玉川子雙手端起茶,禮數周全道:“謝謝師尊。”
吳林春笑了笑,溫聲道:“不用。”
兩人之間,如若是只見了兩次面,這番對話,倒顯得很正常。
但他們是多年的師徒,這樣的對話,只讓人覺得客氣得生分。
玉川子低垂著眉眼,慢慢抿茶,倒沒什么不習慣。打小便是這樣的。
吳林春是個溫吞性子,對誰都好,對他這個唯一的弟子也好。但如果對親人和對外人都是一樣的和氣,親人和外人又有什么區別呢?于是便一樣疏離。
玉川子垂首,等著吳林春日常例行對他的關心,什么修為精進了沒?這些日子還好?修煉時有沒有遇見什么煩心事……問完他了,再拿著一模一樣的問題,去問別人一遍。“當年為師發現顧淵峙洗血之事后,斥責了常旭和錢多來一頓,你知道為何沒說你嗎?”
玉川子聽見了吳林春的問題。
他手中的茶盞一歪,里頭的熱茶頓時傾灑到了他手上,玉川子卻恍然不覺,猛地抬頭,看向吳林春。吳林春看著眼前這個,他熟悉又陌生的唯一一個弟子,微微嘆了一口氣,但笑容未消:“因為為師和你一樣,所以沒什么資格去責怪你。”他這個宗主不像其他宗主那樣,在宗門有著絕對的話事權,他這些年頭頂上,一直懸著一個鴻元仙尊。他不愿意成為鴻元仙尊的走狗,于是鴻元仙尊就不怎么喜歡他。而鐘鼎宗五峰的峰主里,常旭和錢多來,和鴻元仙尊最為親近。
那日在顧淵峙洗血的屋子外,沒有誰比他自己更清楚,他是怎樣因為忌憚鴻元仙尊,所以只敢斥責了常旭和錢多來,而不敢制止他們。
他因此離開倒像逃避,連看一眼小徒弟都不敢。
他這樣怯懦、處處忍讓的師尊,縱然坐著宗主之位,又如何敢言帶領宗門、教養徒弟。和對得起最初的道心。
玉川子聽著他平靜和緩地說出這一切,直到茶盞里的熱茶涼了,都還維持著方才的姿勢。他不知道要回答什么,但卻突然覺得,他和吳林春之間的那層長久的,因長久客氣形成的厚重疏離,破碎了一點。師尊會對其他人說這樣的話嗎?
只對他說了,那么他是特別的。對于外人來說是特別的,就是親人的意思。玉川子一半為師尊難過,一半又打心底里涌出高興。
比修為又突破還要高興。
他向來不會安慰別人,此時此刻,卻想對吳林春說些什么話,他張了張嘴,正要說,就聽見吳林春笑道:“但為師這些日子,突然想明白了。”他伸手將桌子角的一個請帖往玉川子那邊推了推。請帖外面,用金線描畫了一朵杏花,玉川子剛入座時便看見了。
整個五大陸,以金線為杏花宗紋的,只有落瓊宗。
“落瓊宗宗主,雖然年輕,卻比我勇敢。”吳林春溫聲道,“小玉,你將它收著吧。”玉川子拜師吳林春六十一年,這是師尊第一回喚他小玉。
也是最后一回。
當時日光甚好,玉川子一歪頭,就瞧見窗外桂花漫漫,桂花香浮動在晴朗天氣中,浮塵都明媚。
五日后,吳林春就死在了他那時隔窗看見的桂花樹下。
燕銜春是傍晚時分出現的,身邊跟著鴻元仙尊。他穿了一件寬大的黑袍,行走間衣擺獵獵,襯得他氣勢更盛。鴻元仙尊走在他身邊,都被他壓下了幾分派頭。

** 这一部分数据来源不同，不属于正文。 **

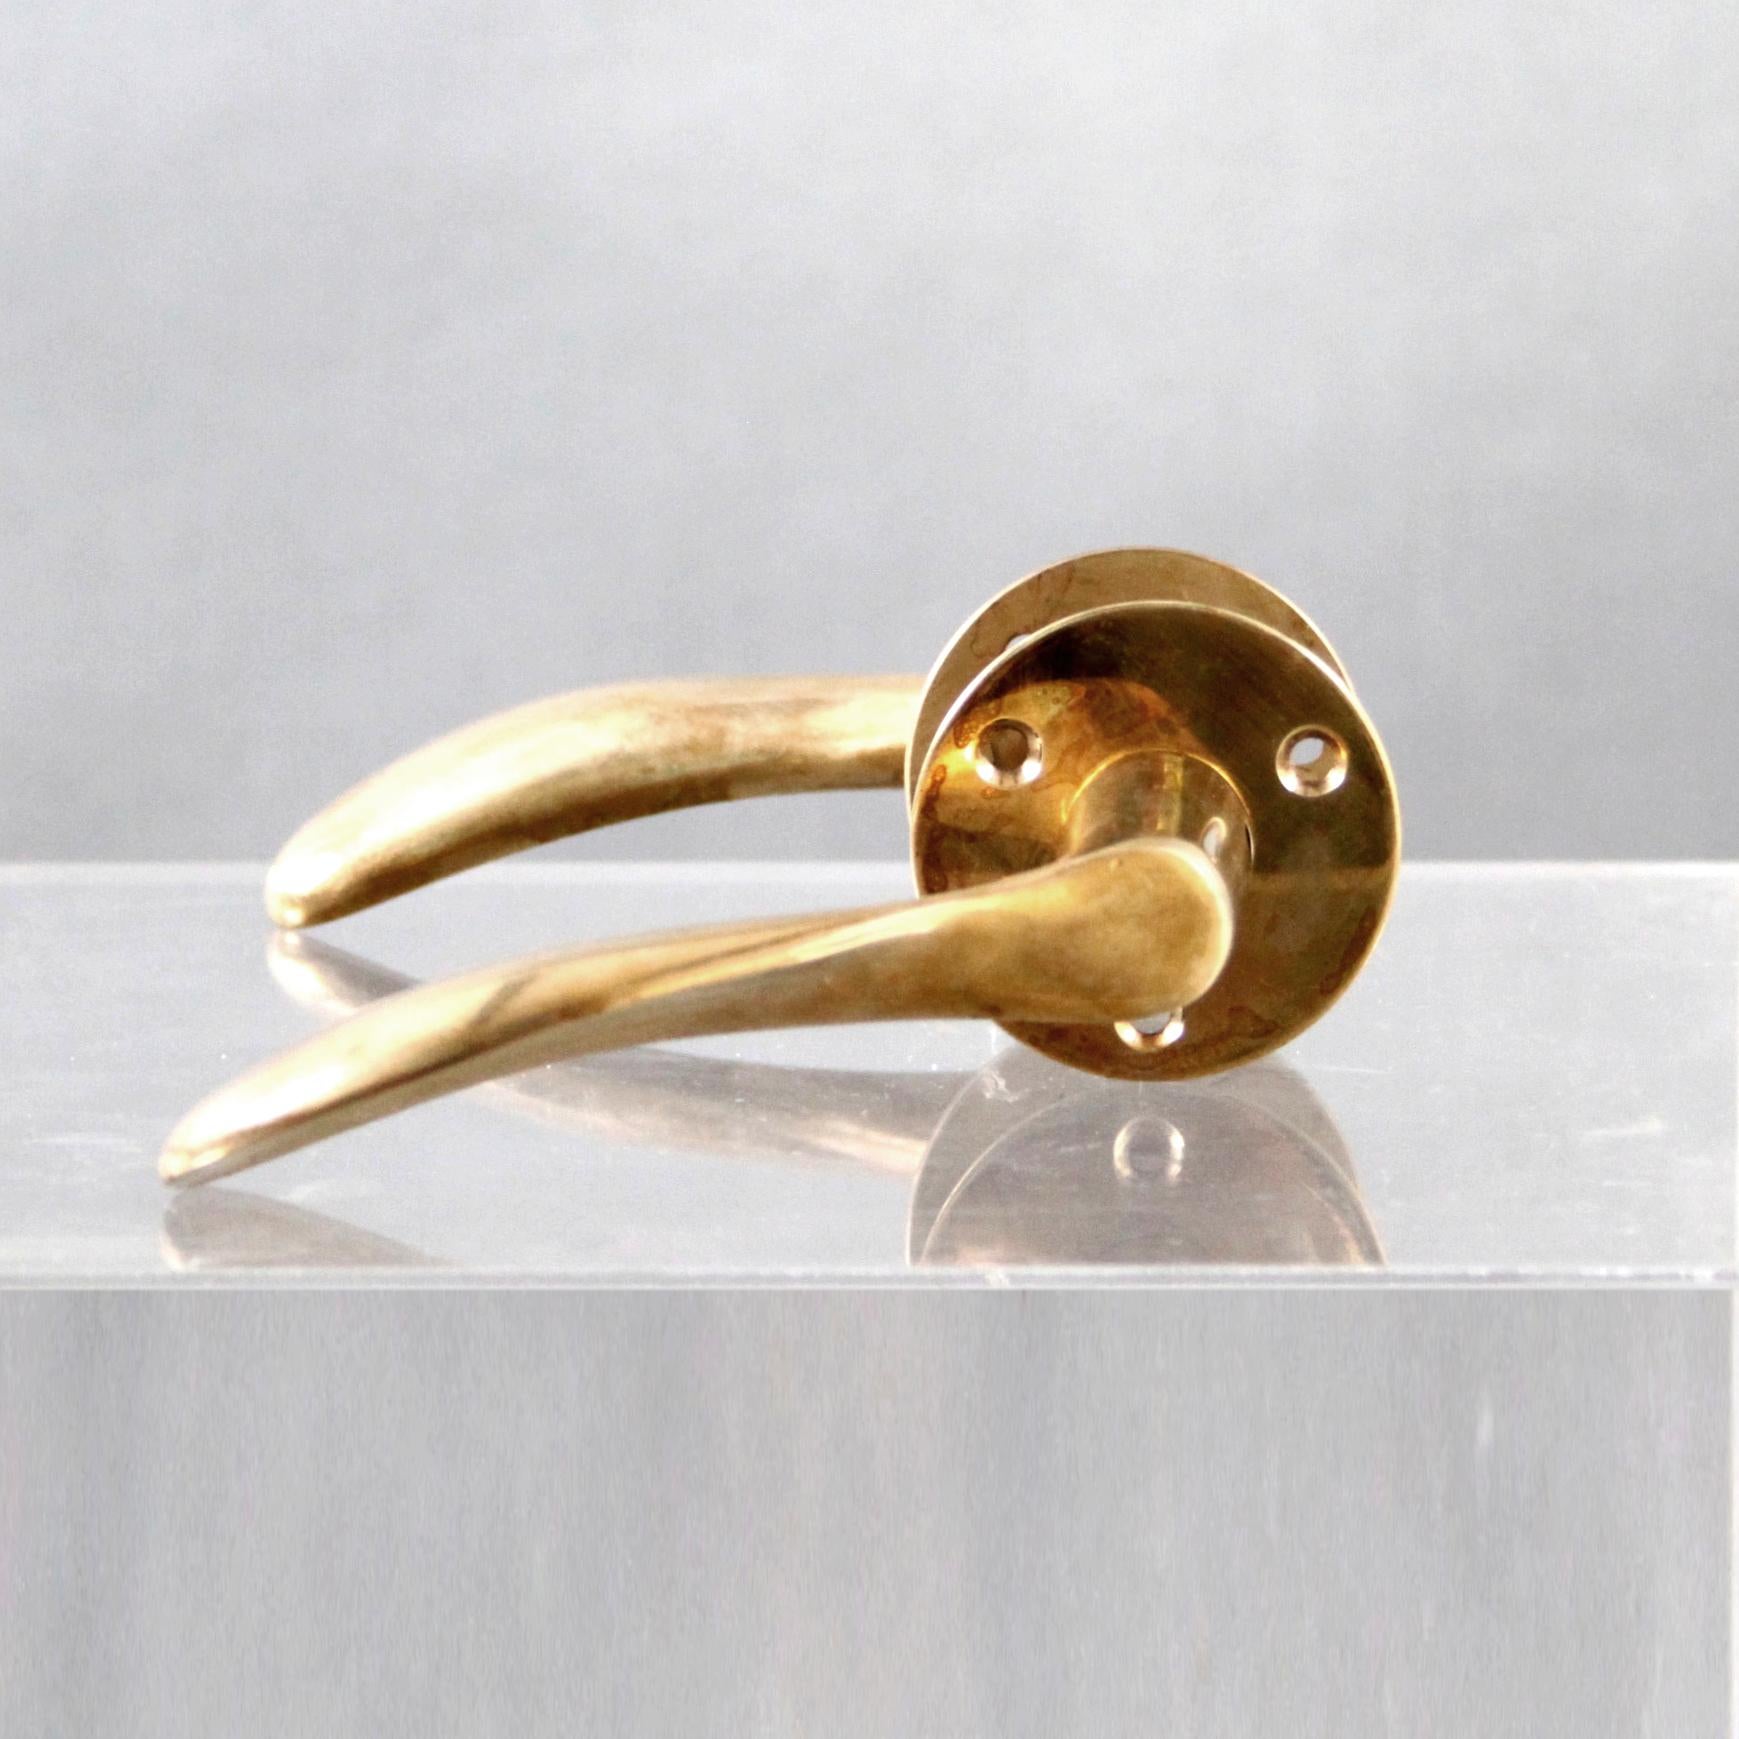 Scandinavian Modern Arne Jacobsen Door Handles in Solid Brass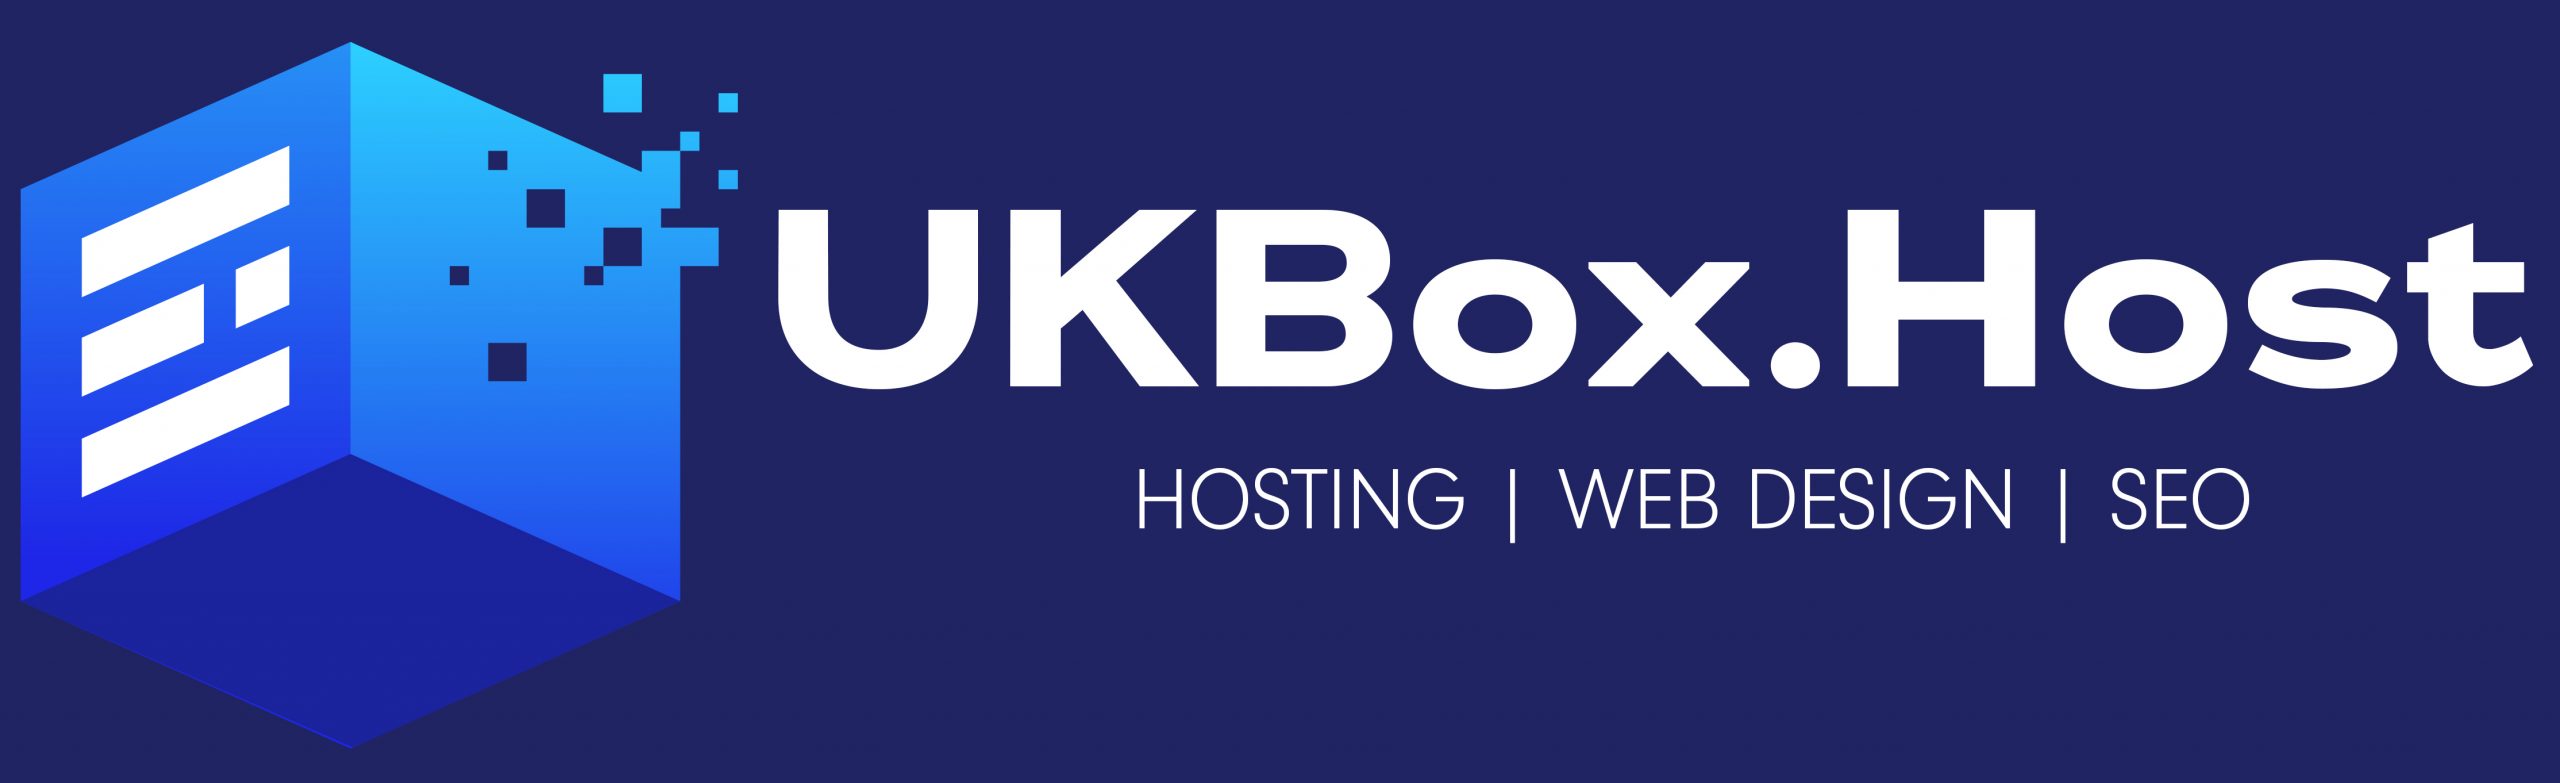 UK Box

“這就是吳宗主?”燕銜春笑著瞧了吳林春一眼,眼中卻沒什么笑意,“以后一起共事,還請多多關照。”吳林春站在那里,手里握著劍,他脊背挺得很直:“我不曾說過要與你共事,只要我還是鐘鼎宗的宗主一日,鐘鼎宗就不會與你在一起共事。”燕銜春甚至沒有一分猶豫,聽了他這話后一聲輕笑,馬上便接道:“好吧,那只能送你去死了。”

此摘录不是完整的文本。